Li Tony W-H, Ting Ju-Hui T, Yokoyama Noriko N, Bernstein Alla, van de Wetering Marc, Waterman Marian L
Department of Microbiology and Molecular Genetics, Rm. B240, Medical Sciences I, University of California, Irvine, Irvine, CA 92697-4025, USA.
Mol Cell Biol. 2006 Jul;26(14):5284-99. doi: 10.1128/MCB.00105-06.
Alternative promoters within the LEF1 locus produce polypeptides of opposing biological activities. Promoter 1 produces full-length LEF-1 protein, which recruits beta-catenin to Wnt target genes. Promoter 2 produces a truncated form that cannot interact with beta-catenin and instead suppresses Wnt regulation of target genes. Here we show that promoter 1 is aberrantly activated in colon cancers because it is a direct target of the Wnt pathway. T-cell factor (TCF)-beta-catenin complexes bind to Wnt response elements in exon 1 and dynamically regulate chromatin acetylation and promoter 1 activity. Promoter 2 is delimited to the intron 2/exon 3 boundary and, like promoter 1, is also directly regulated by TCF-beta-catenin complexes. Promoter 2 is nevertheless silent in colon cancer because an upstream repressor selectively targets the basal promoter leading to destabilized TCF-beta-catenin binding. We conclude that the biological outcome of aberrant LEF1 activation in colon cancer is directed by differential promoter activation and repression.
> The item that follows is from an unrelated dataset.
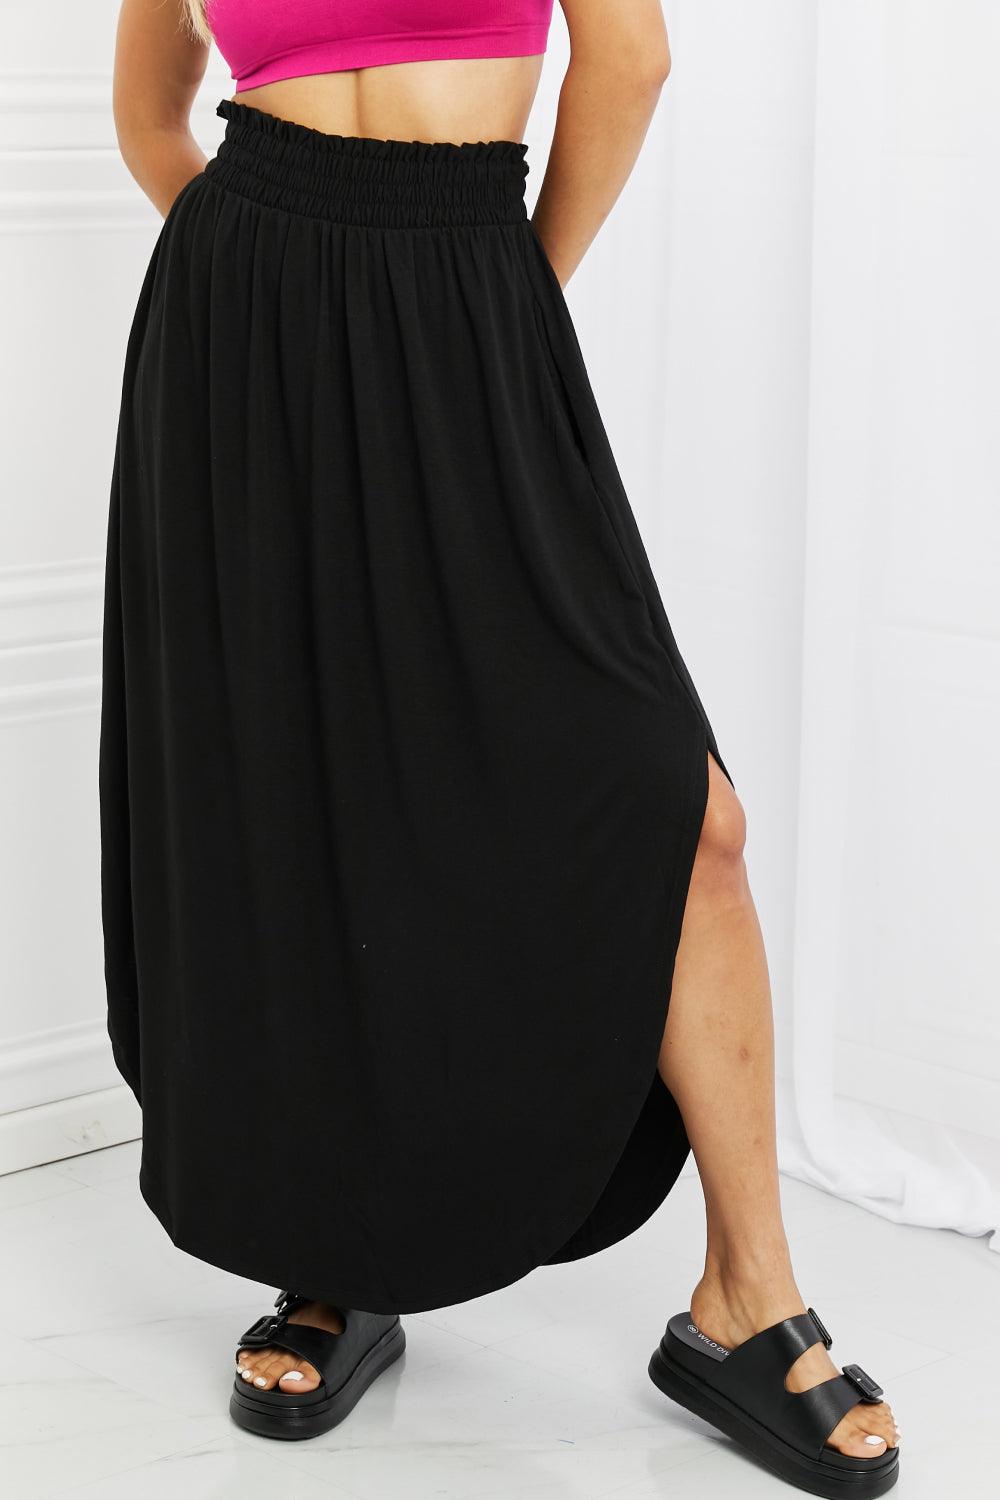 Zenana It's My Time Full Size Side Scoop Scrunch Skirt in Black - The Fiery Jasmine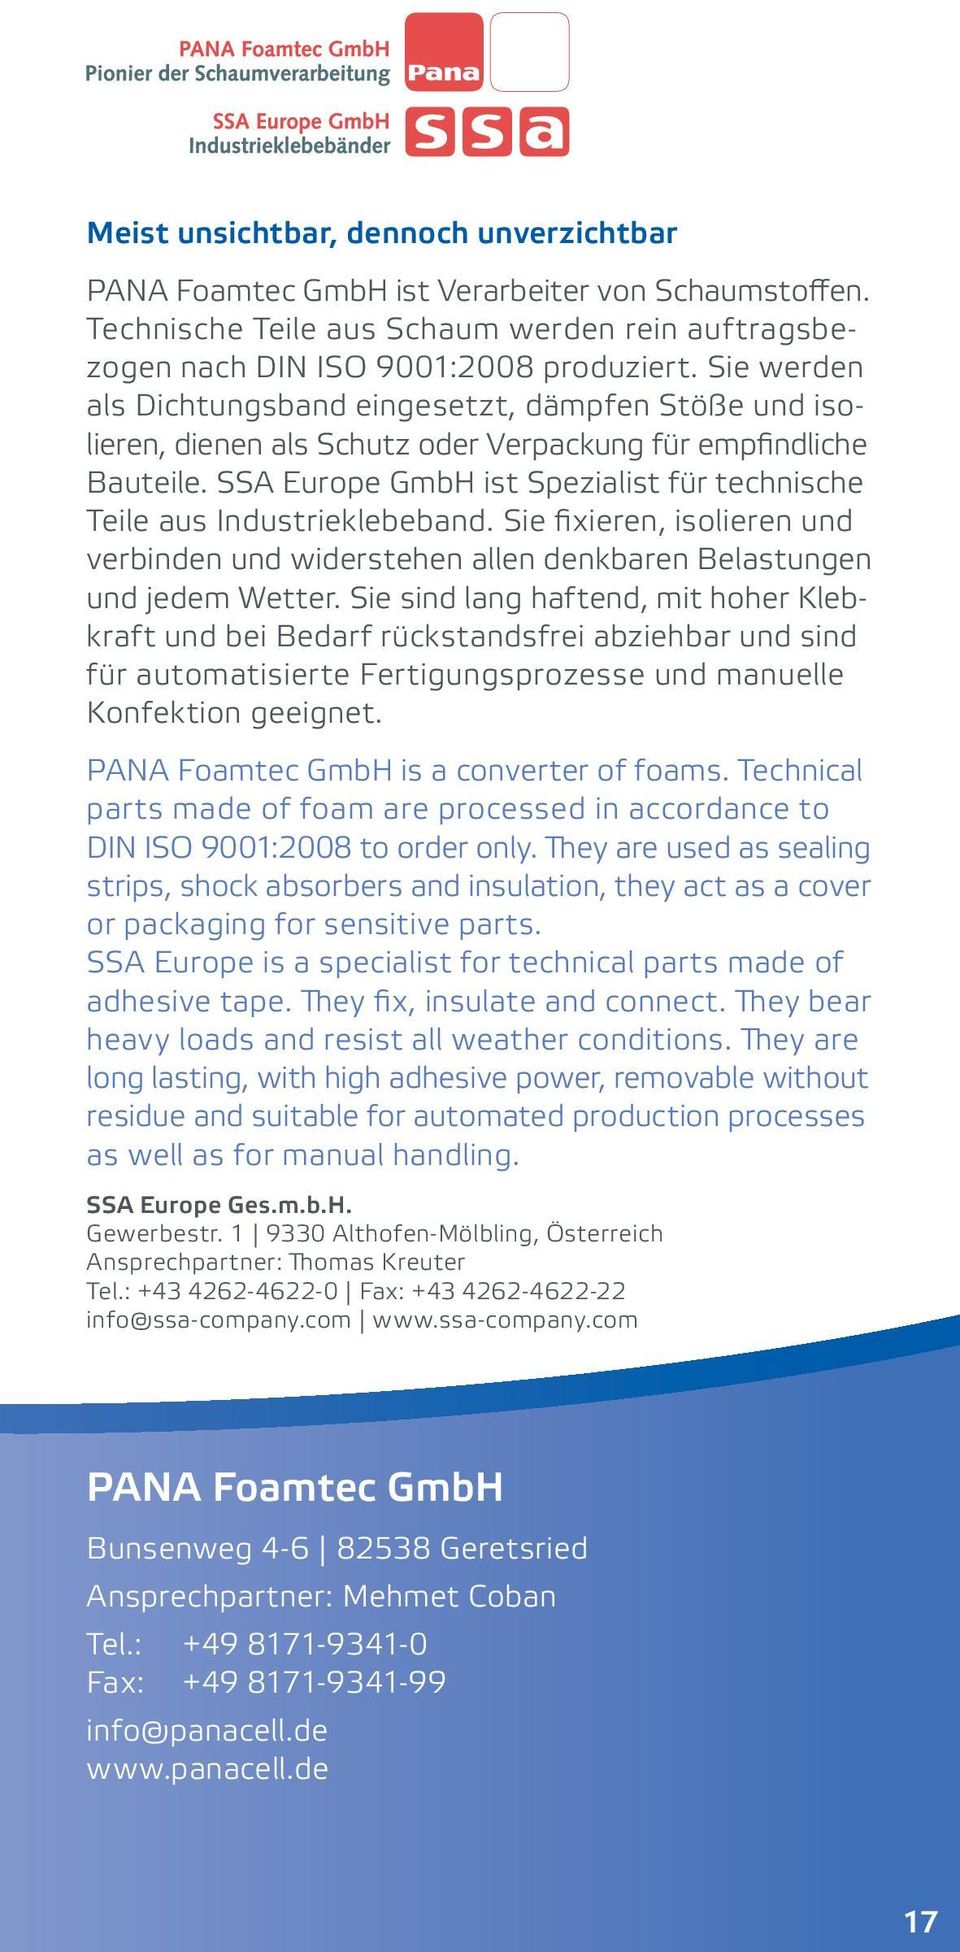 SSA Europe GmbH ist Spezialist für technische Teile aus Industrieklebeband. Sie fixieren, isolieren und verbinden und widerstehen allen denkbaren Belastungen und jedem Wetter.

LEF1基因座内的可变启动子产生具有相反生物学活性的多肽。启动子1产生全长LEF-1蛋白,该蛋白将β-连环蛋白募集到Wnt靶基因。启动子2产生一种截短形式,其不能与β-连环蛋白相互作用,而是抑制靶基因的Wnt调节。我们在此表明,启动子1在结肠癌中异常激活,因为它是Wnt通路的直接靶点。T细胞因子(TCF)-β-连环蛋白复合物与外显子1中的Wnt反应元件结合,并动态调节染色质乙酰化和启动子1活性。启动子2定位于内含子2/外显子3边界,并且与启动子1一样,也直接受TCF-β-连环蛋白复合物调控。然而,启动子2在结肠癌中是沉默的,因为上游阻遏物选择性地靶向基础启动子,导致TCF-β-连环蛋白结合不稳定。我们得出结论,结肠癌中LEF1异常激活的生物学结果是由启动子的差异激活和抑制所决定的。